+++ /dev/null
-Using continuations to solve the same-fringe problem
-----------------------------------------------------
-
-The problem
------------
-
-We've seen two solutions to the same fringe problem so far.
-The problem, recall, is to take two trees and decide whether they have
-the same leaves in the same order.
-
-<pre>
- ta tb tc
- . . .
-_|__ _|__ _|__
-| | | | | |
-1 . . 3 1 .
- _|__ _|__ _|__
- | | | | | |
- 2 3 1 2 3 2
-
-let ta = Node (Leaf 1, Node (Leaf 2, Leaf 3));;
-let tb = Node (Node (Leaf 1, Leaf 2), Leaf 3);;
-let tc = Node (Leaf 1, Node (Leaf 3, Leaf 2));;
-</pre>
-
-So `ta` and `tb` are different trees that have the same fringe, but
-`ta` and `tc` are not.
-
-The simplest solution is to map each tree to a list of its leaves,
-then compare the lists. But because we will have computed the entire
-fringe before starting the comparison, if the fringes differ in an
-early position, we've wasted our time examining the rest of the trees.
-
-The second solution was to use tree zippers and mutable state to
-simulate coroutines (see [[coroutines and aborts]]). In that
-solution, we pulled the zipper on the first tree until we found the
-next leaf, then stored the zipper structure in the mutable variable
-while we turned our attention to the other tree. Because we stopped
-as soon as we find the first mismatched leaf, this solution does not
-have the flaw just mentioned of the solution that maps both trees to a
-list of leaves before beginning comparison.
-
-Since zippers are just continuations reified, we expect that the
-solution in terms of zippers can be reworked using continuations, and
-this is indeed the case. Your assignment is to show how.
-
-TO-DO LIST for solving the problem
-----------------------------------
-
-1. Review the simple but inefficient solution (easy).

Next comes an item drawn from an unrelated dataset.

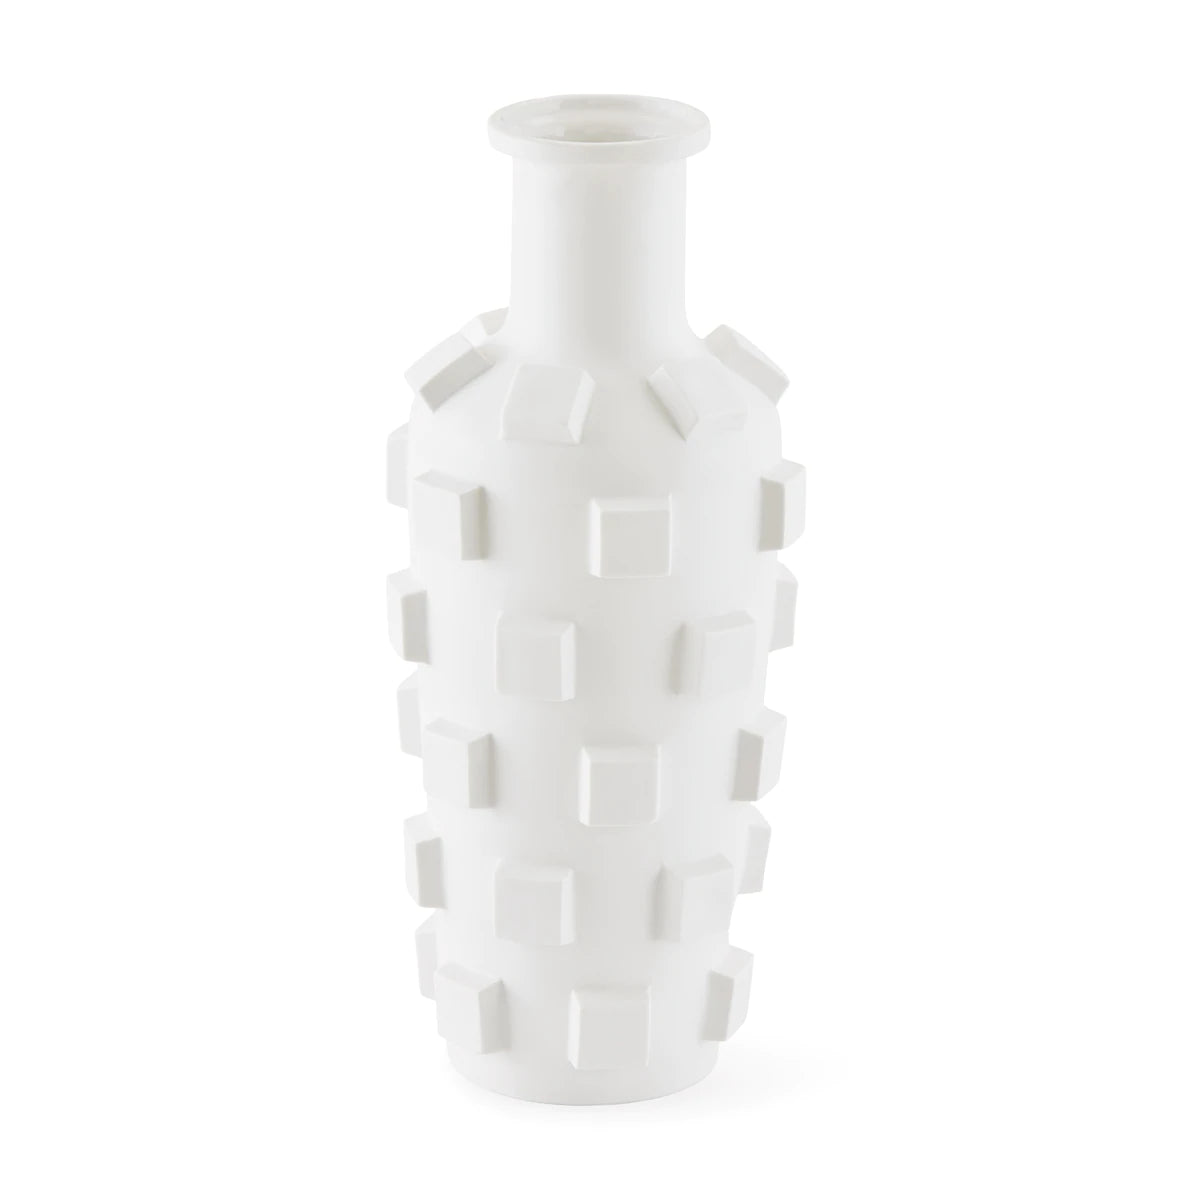 Charade Blocks Vase by Jonathan Adler

-2. Understand the zipper/mutable state solution in [[coroutines and aborts]] (harder).
-
-3. Two obvious approaches:
-
-a. Review the list-zipper/list-continuation example given in
- class in [[from list zippers to continuations]]; then
- figure out how to re-functionalize the zippers used in the zipper
- solution.
-
-b. Review the tree_monadizer application of continuations that maps a
-tree to a list of leaves in [[manipulating trees with monads]]. Spend
-some time trying to understand exactly what it does. Suggestion:
-compute the transformation for a tree with two leaves, performing all
-beta reduction by hand using the definitions for bind_continuation and
-so on. If you take this route, study the description of streams (a
-particular kind of data structure) below. The goal will be to arrange
-for the continuation-flavored tree_monadizer to transform a tree into
-a stream instead of into a list. Once you've done that, completing
-the same-fringe problem will be easy.
-
--------------------------------------
-
-Whichever method you choose, here are some goals to consider.
-
-1. Make sure that your solution gives the right results on the trees
-given above.
-
-2. Make sure your function works on trees that contain only a single
-leaf, and when the two trees have different numbers of leaves.
-
-3. Figure out a way to prove that your solution satisfies the
-requirements of the problem, in particular, that when the trees differ
-in an early position, your code does not waste time visiting the rest
-of the tree. One way to do this is to add print statements to your
-functions so that every time you visit a leaf (say), a message is
-printed on the output.
-
-4. What if you had some reason to believe that the trees you were
-going to compare were more likely to differ in the rightmost region?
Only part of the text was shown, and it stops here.